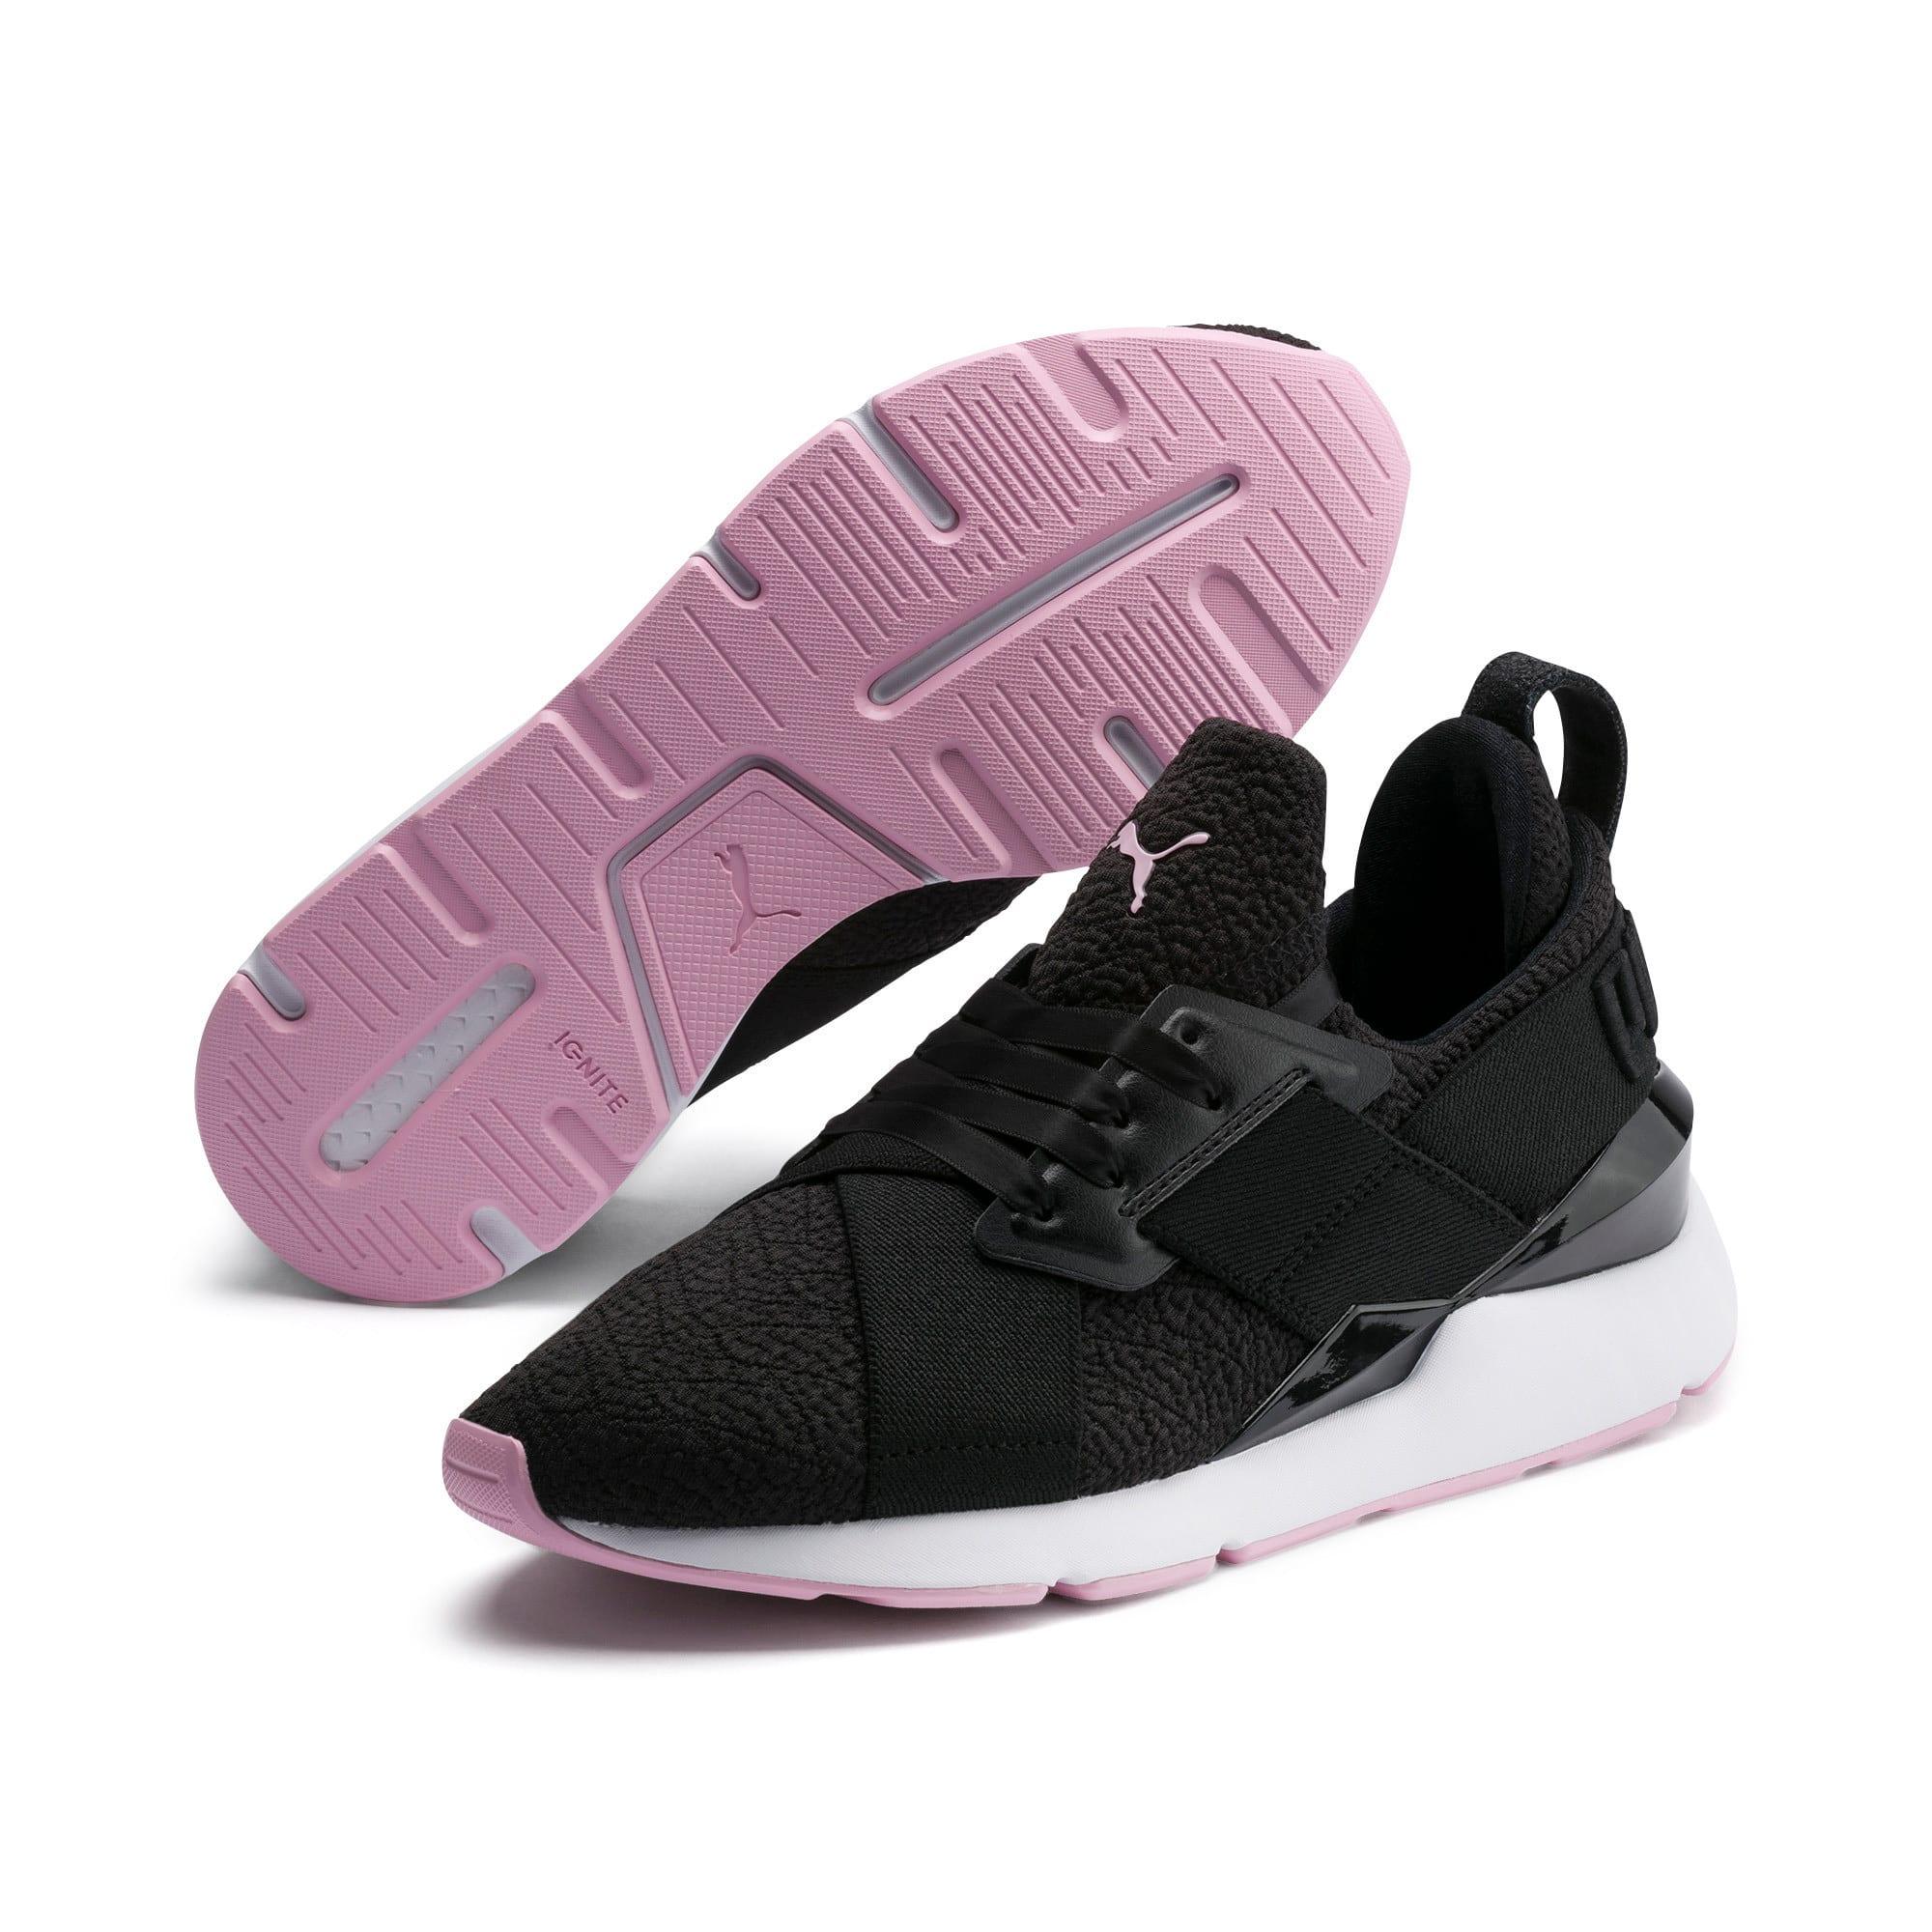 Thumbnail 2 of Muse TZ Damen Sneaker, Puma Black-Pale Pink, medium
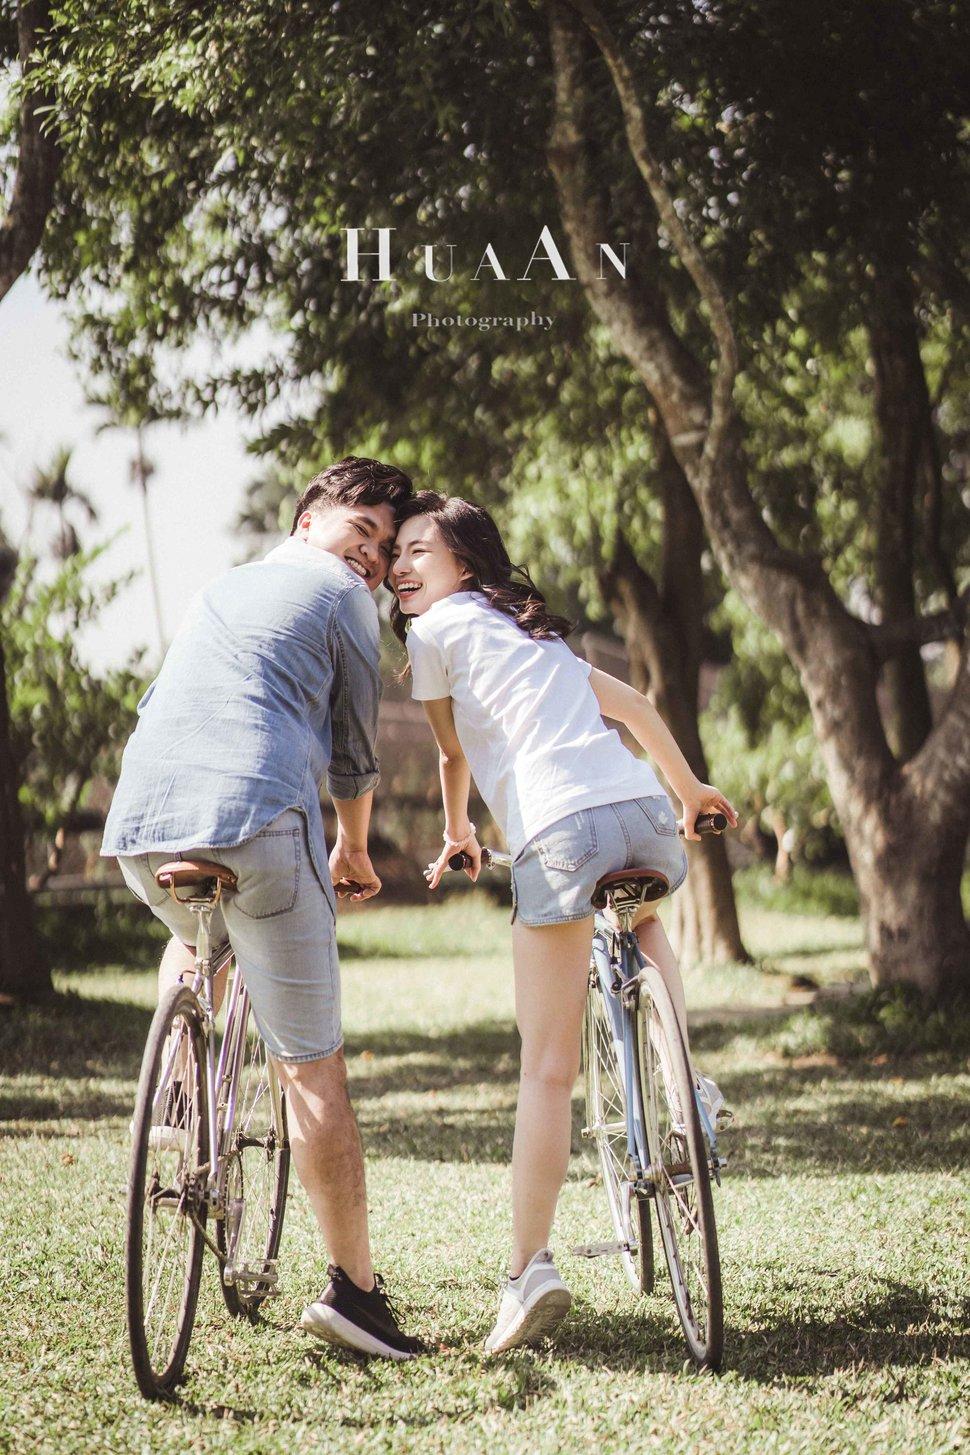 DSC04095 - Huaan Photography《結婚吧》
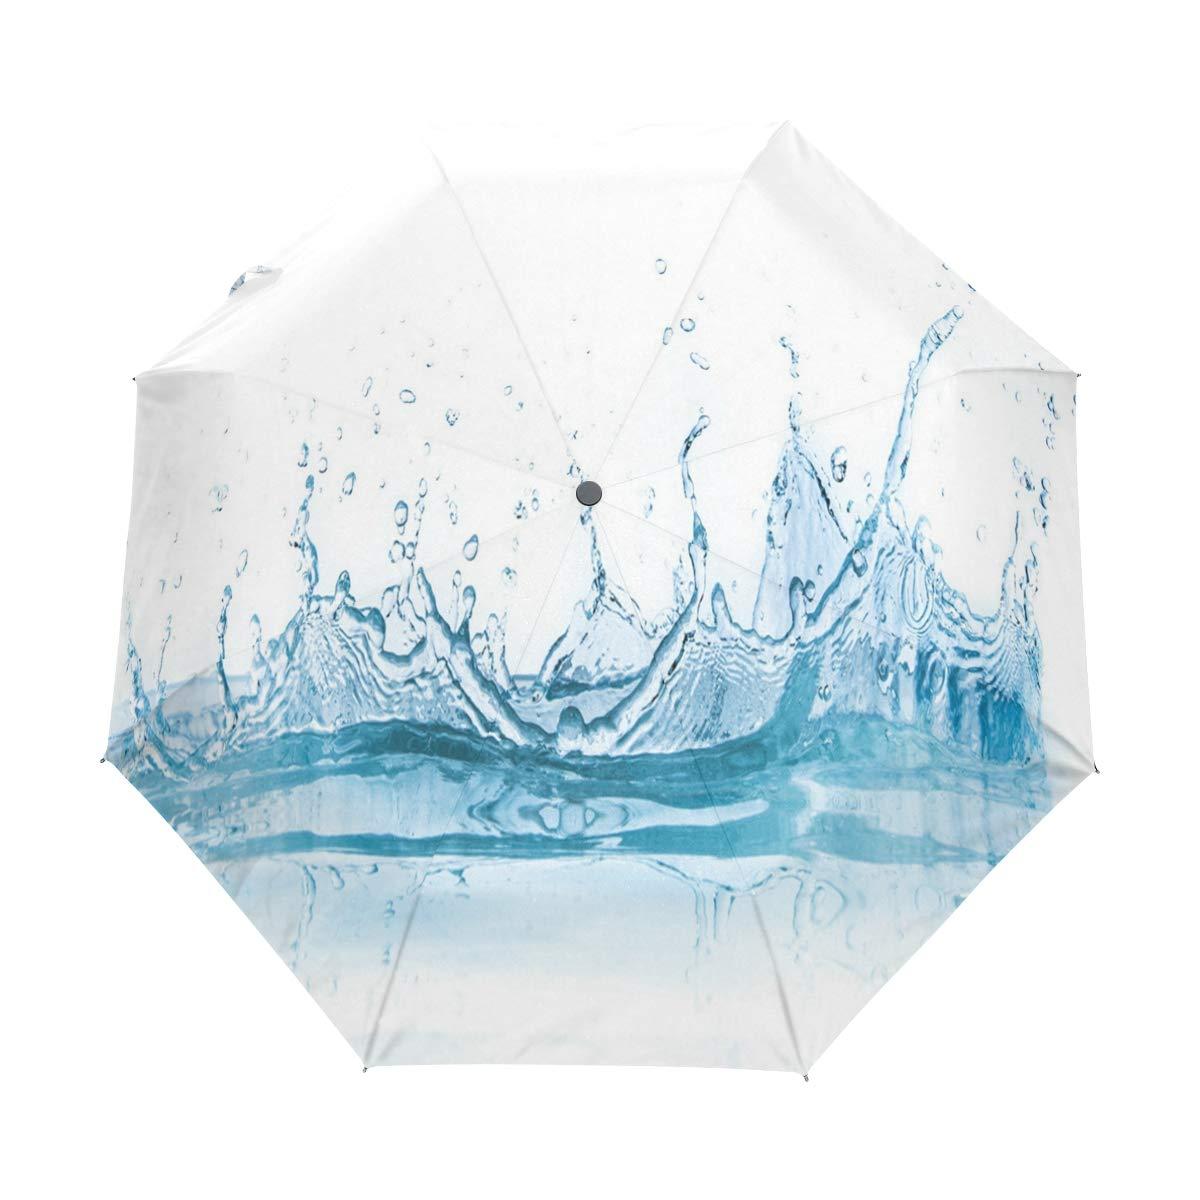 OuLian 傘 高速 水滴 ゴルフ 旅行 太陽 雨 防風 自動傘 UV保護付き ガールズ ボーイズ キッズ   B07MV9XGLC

The problem
Write out the data word for word, with every picture dropped.

Solution to this task
 Thumbnail 2 of Muse TZ Damen Sneaker, Puma Black-Pale Pink, medium
 DSC04095 - Huaan Photography《結婚吧》
 OuLian 傘 高速 水滴 ゴルフ 旅行 太陽 雨 防風 自動傘 UV保護付き ガールズ ボーイズ キッズ   B07MV9XGLC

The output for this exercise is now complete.